▶ TASK INSTRUCTIONS:
Please transcribe the listing below in full and word for word, without its pictures.

▶ DATASET CONTENT:
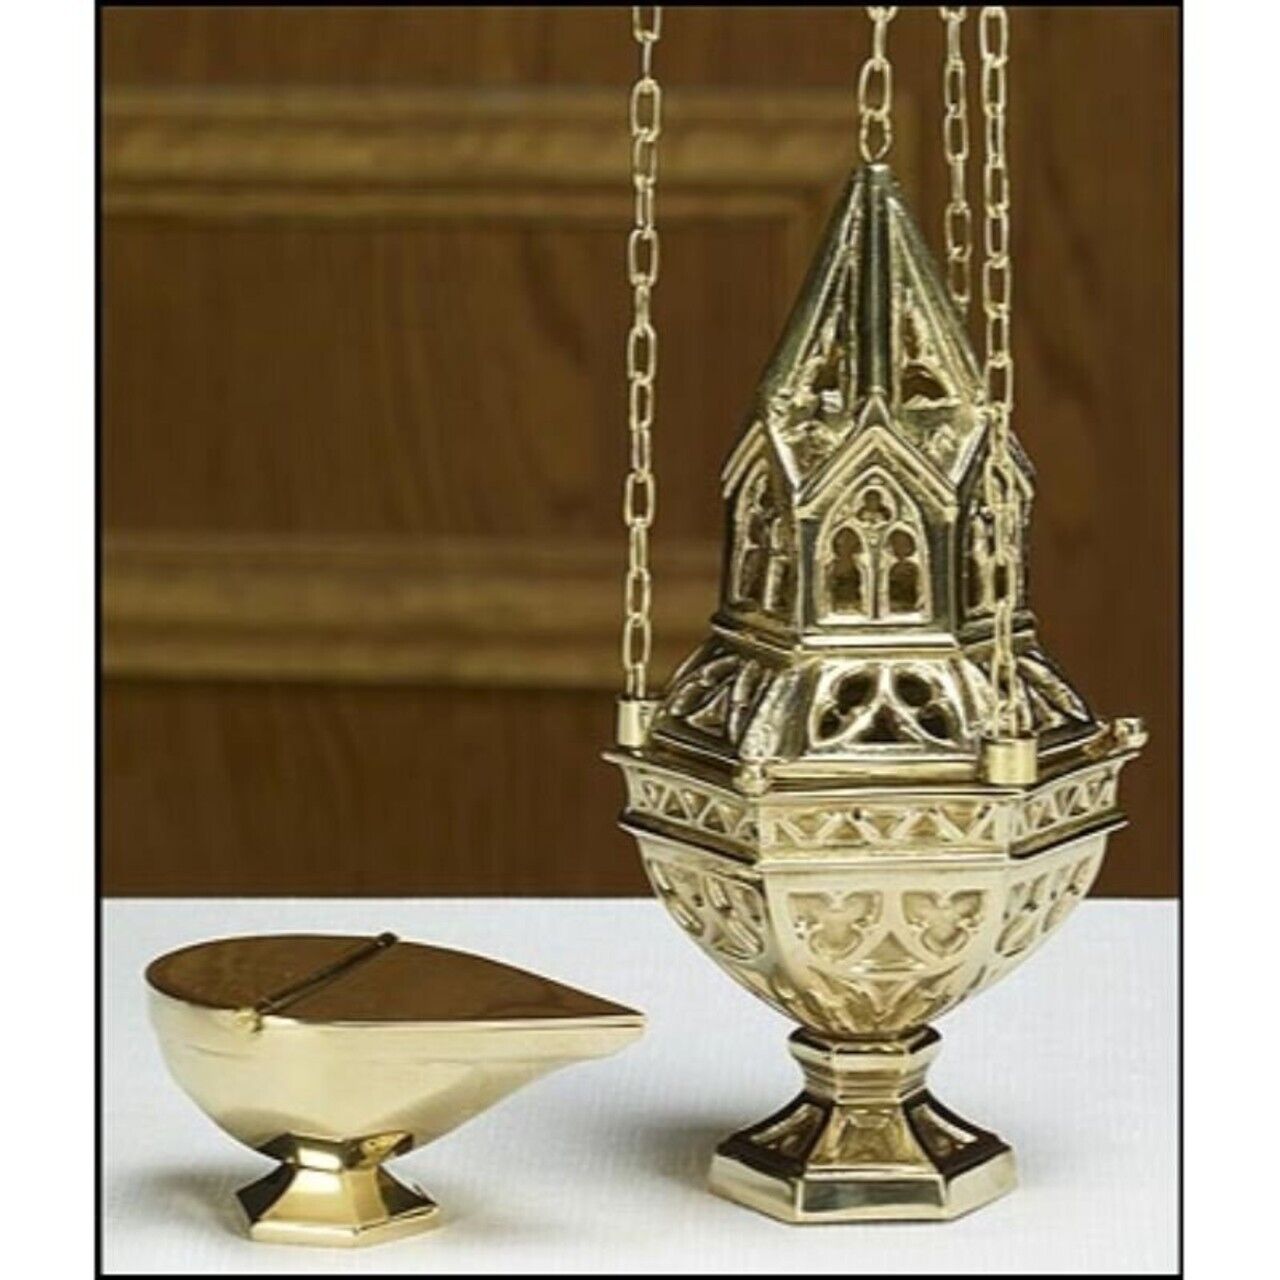 Ornate Hanging Embossed Censer and Boat Set For Church or Sanctuary 10 In
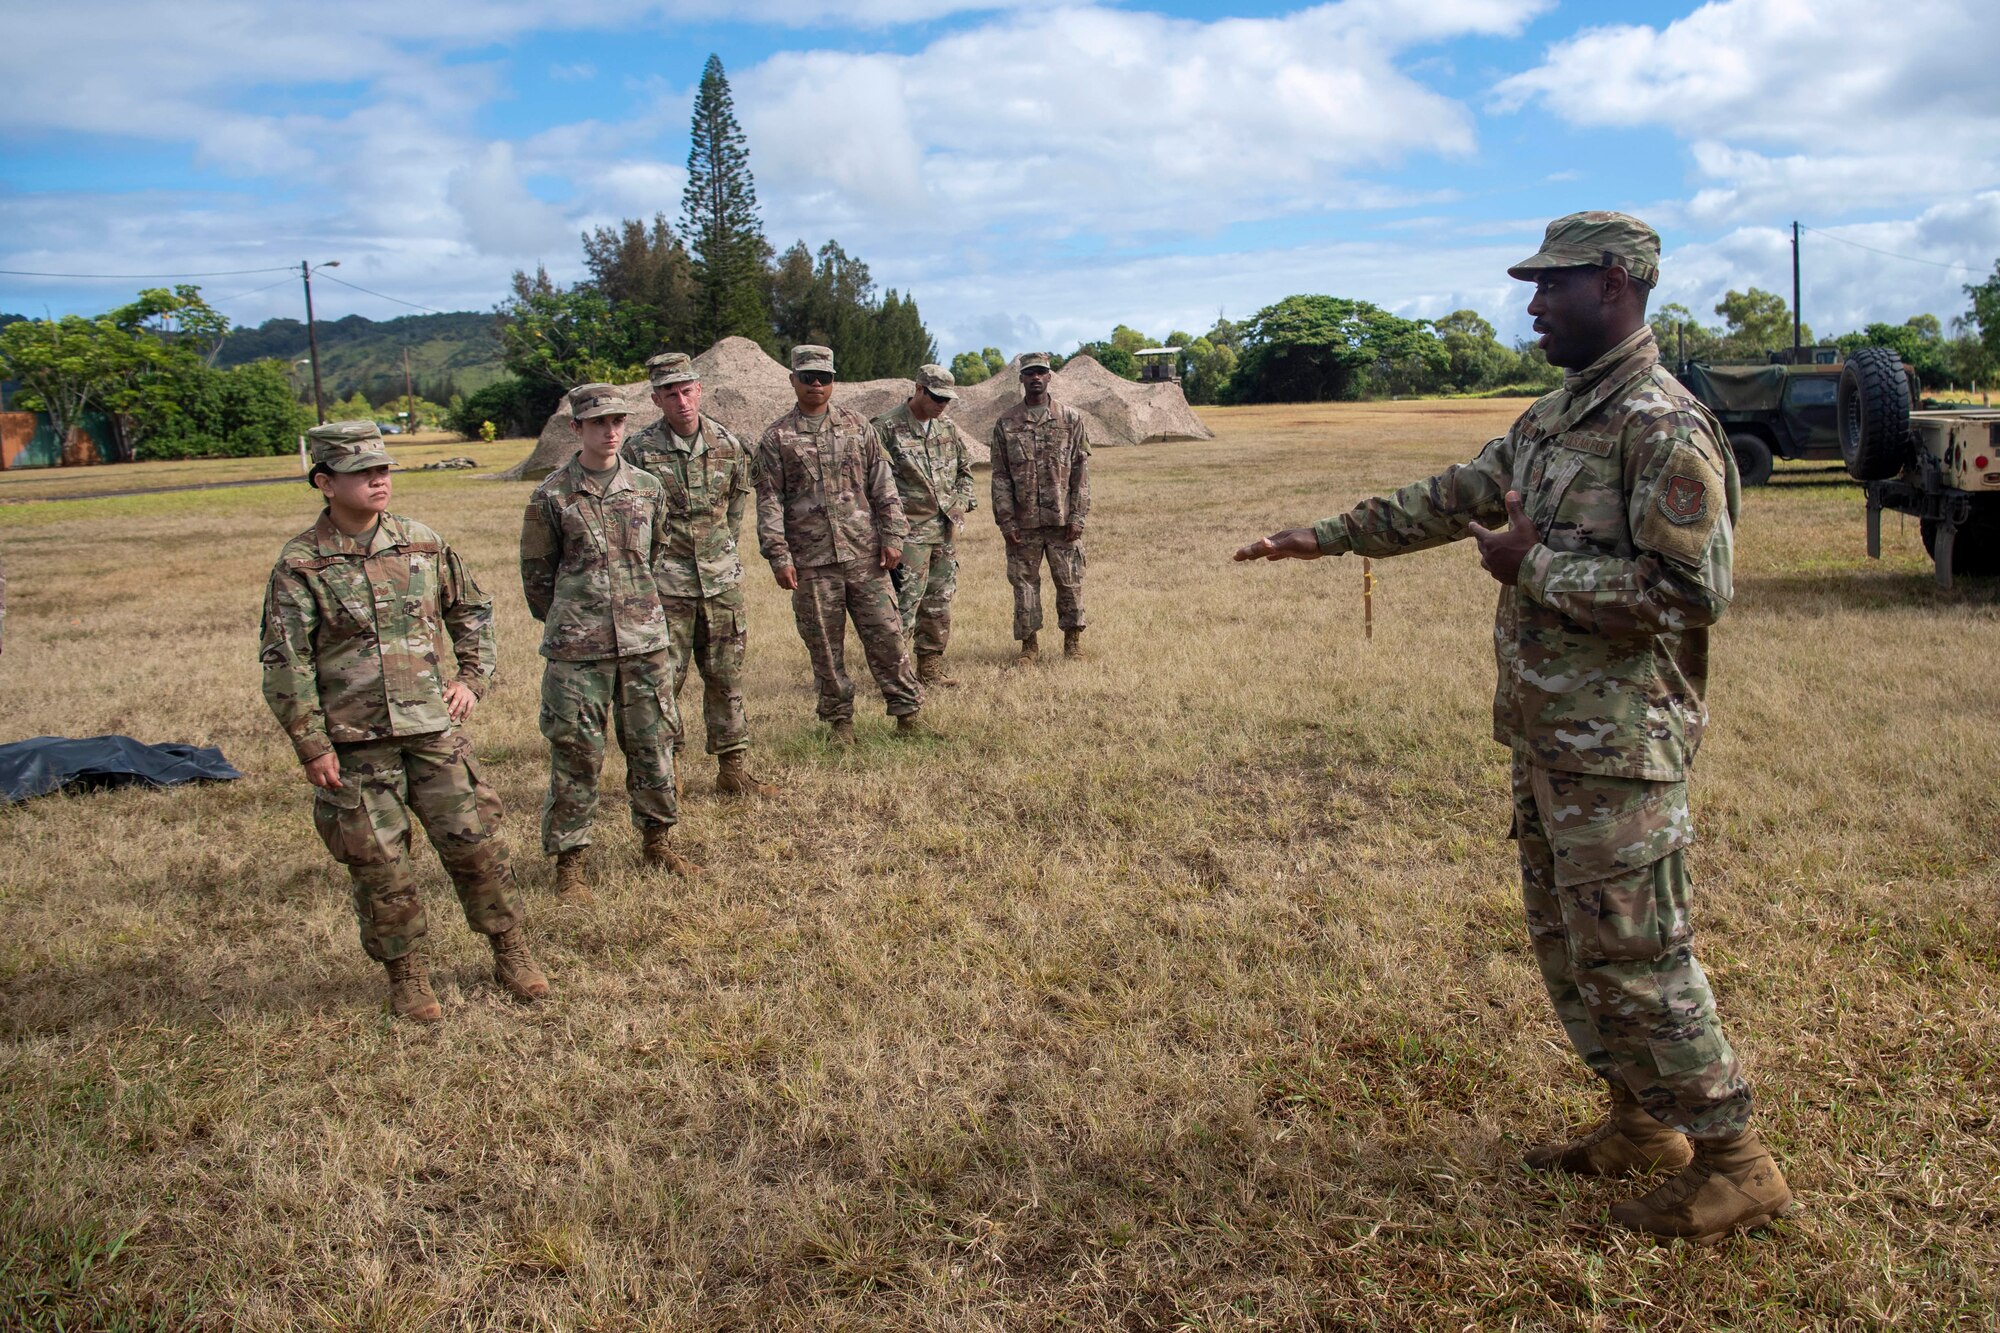 Tech Sgt. Reid Merriwether instructs Reserve Citizen Airmen from the 624th Regional Support Group on Search and Recovery (S&R) procedures during Pacific Warriorz 2021 (PWZ-21). PWZ-21 is a Total Force Integration and Joint Training exercise at Schofield Barracks, Hawaii June 12, 2021.
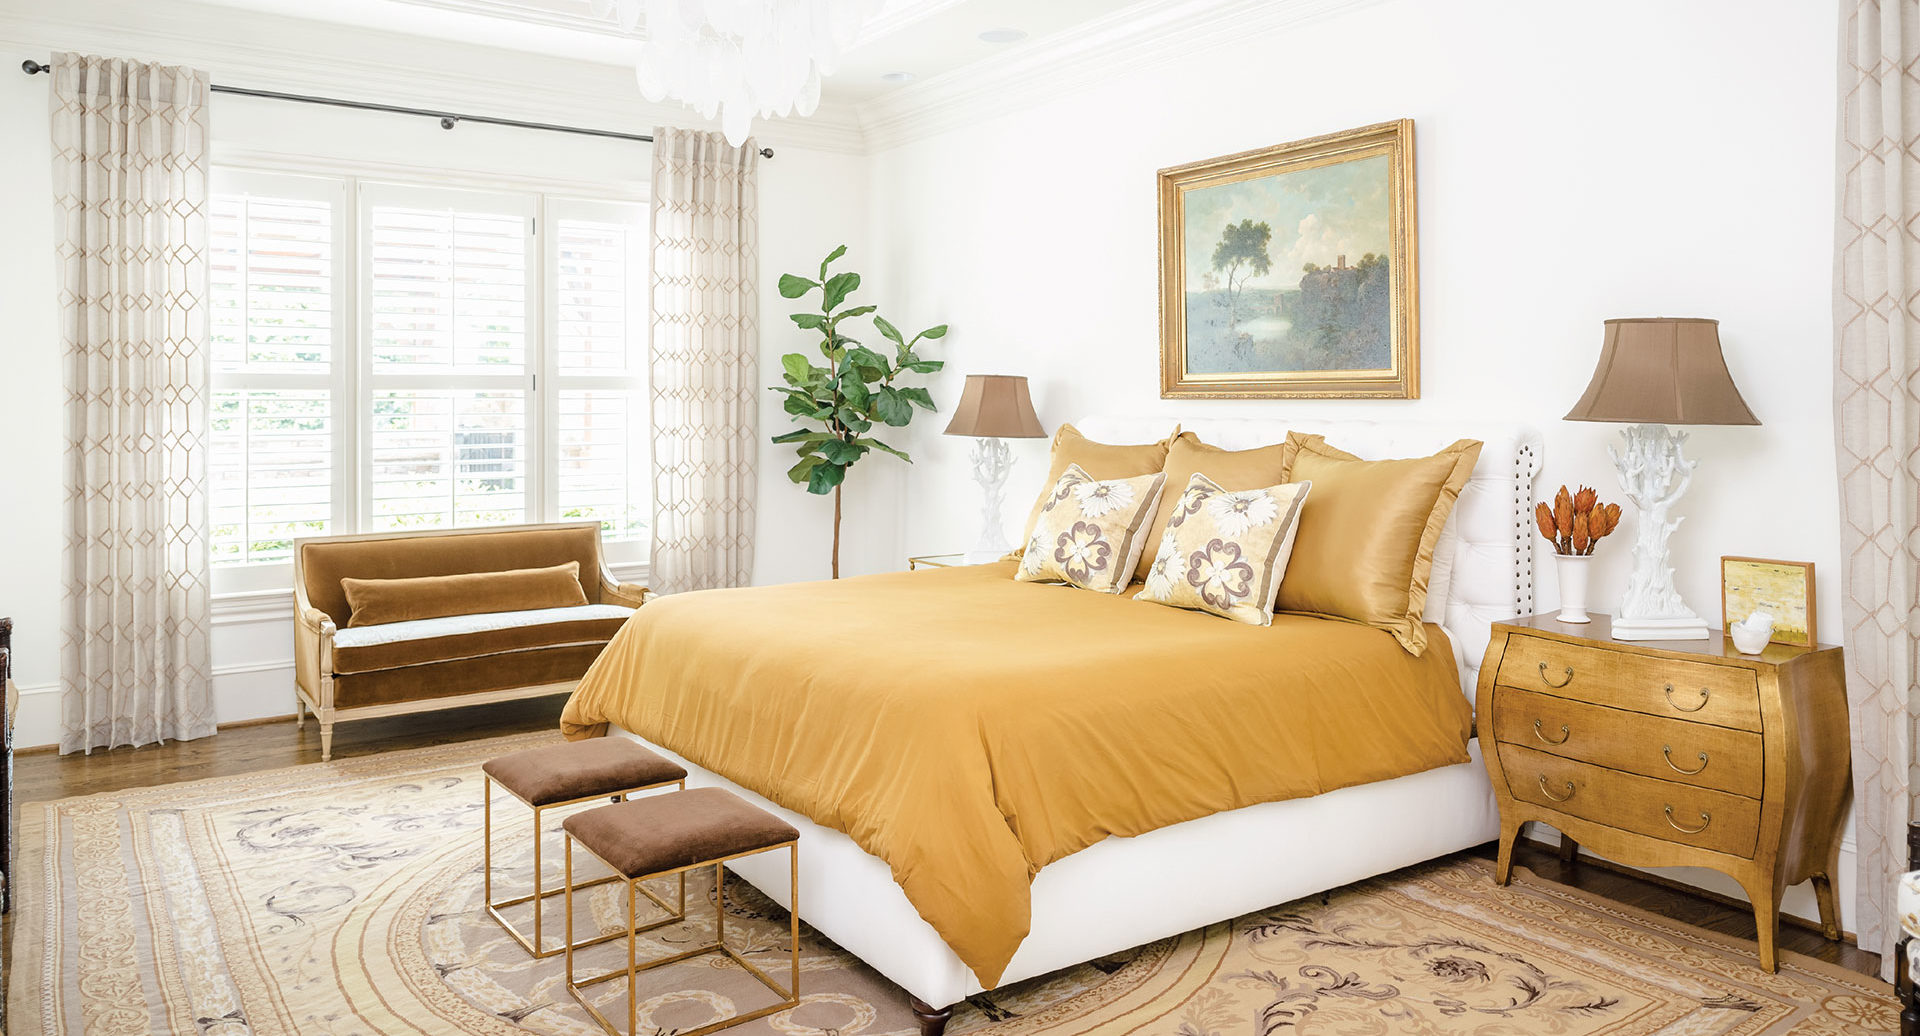 Try one of these bold and trendy color schemes in the bedroom
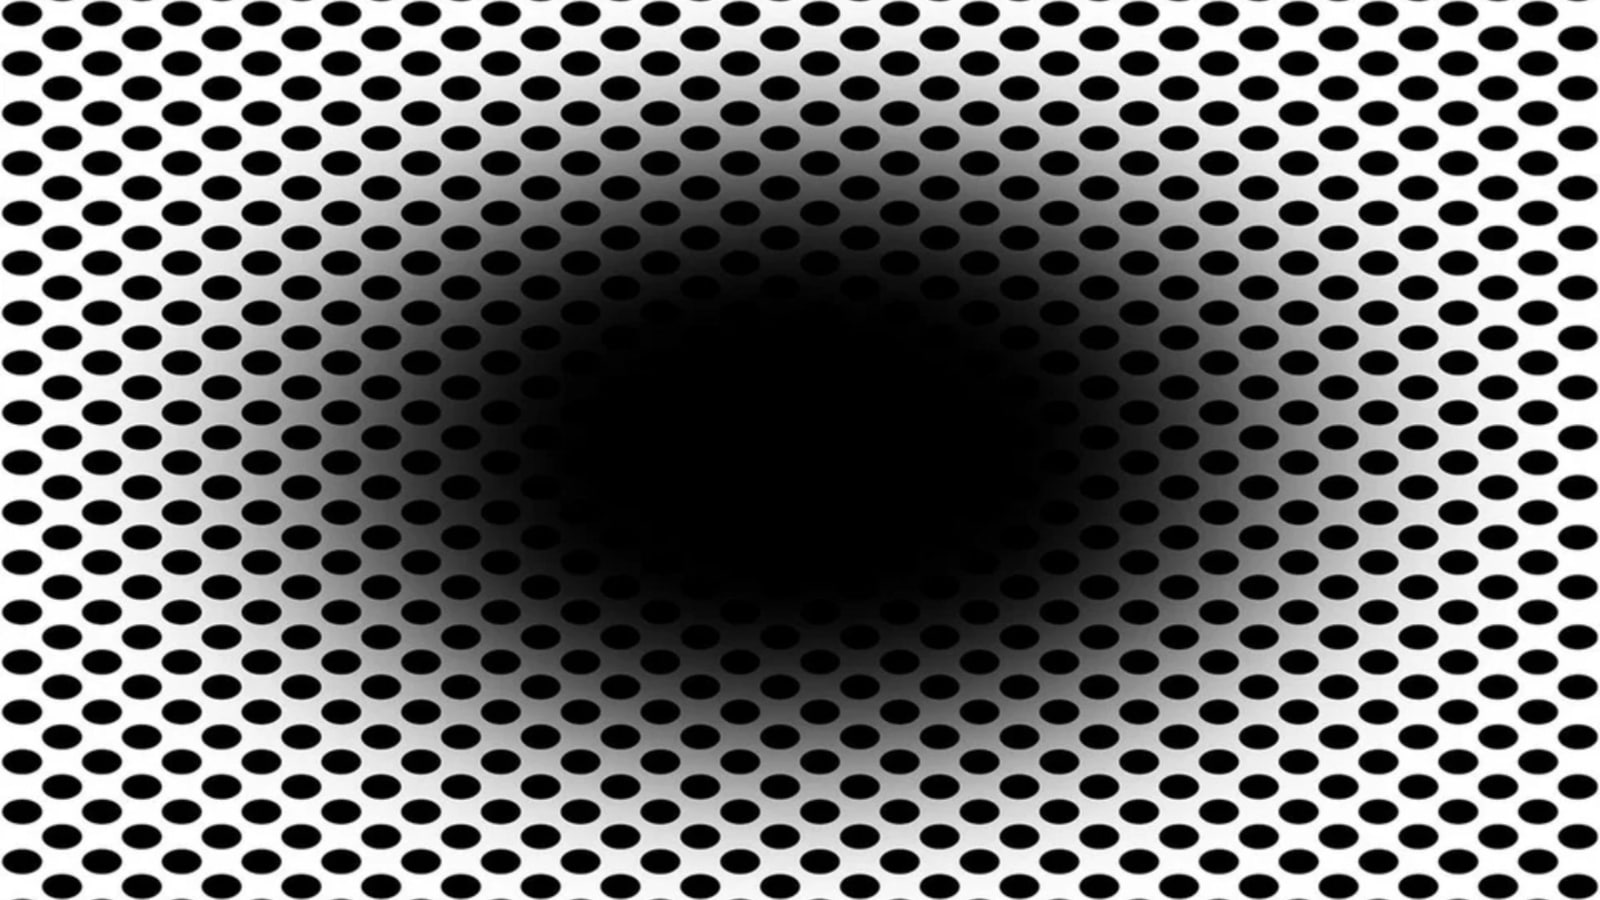 Optical Illusion: Is the black hole expanding, or is it staying ...

▶ ANSWER TO THIS EXERCISE:
 Ornate Hanging Embossed Censer and Boat Set For Church or Sanctuary 10 In
 Tech Sgt. Reid Merriwether instructs Reserve Citizen Airmen from the 624th Regional Support Group on Search and Recovery (S&R) procedures during Pacific Warriorz 2021 (PWZ-21). PWZ-21 is a Total Force Integration and Joint Training exercise at Schofield Barracks, Hawaii June 12, 2021.
 Try one of these bold and trendy color schemes in the bedroom
 Optical Illusion: Is the black hole expanding, or is it staying ...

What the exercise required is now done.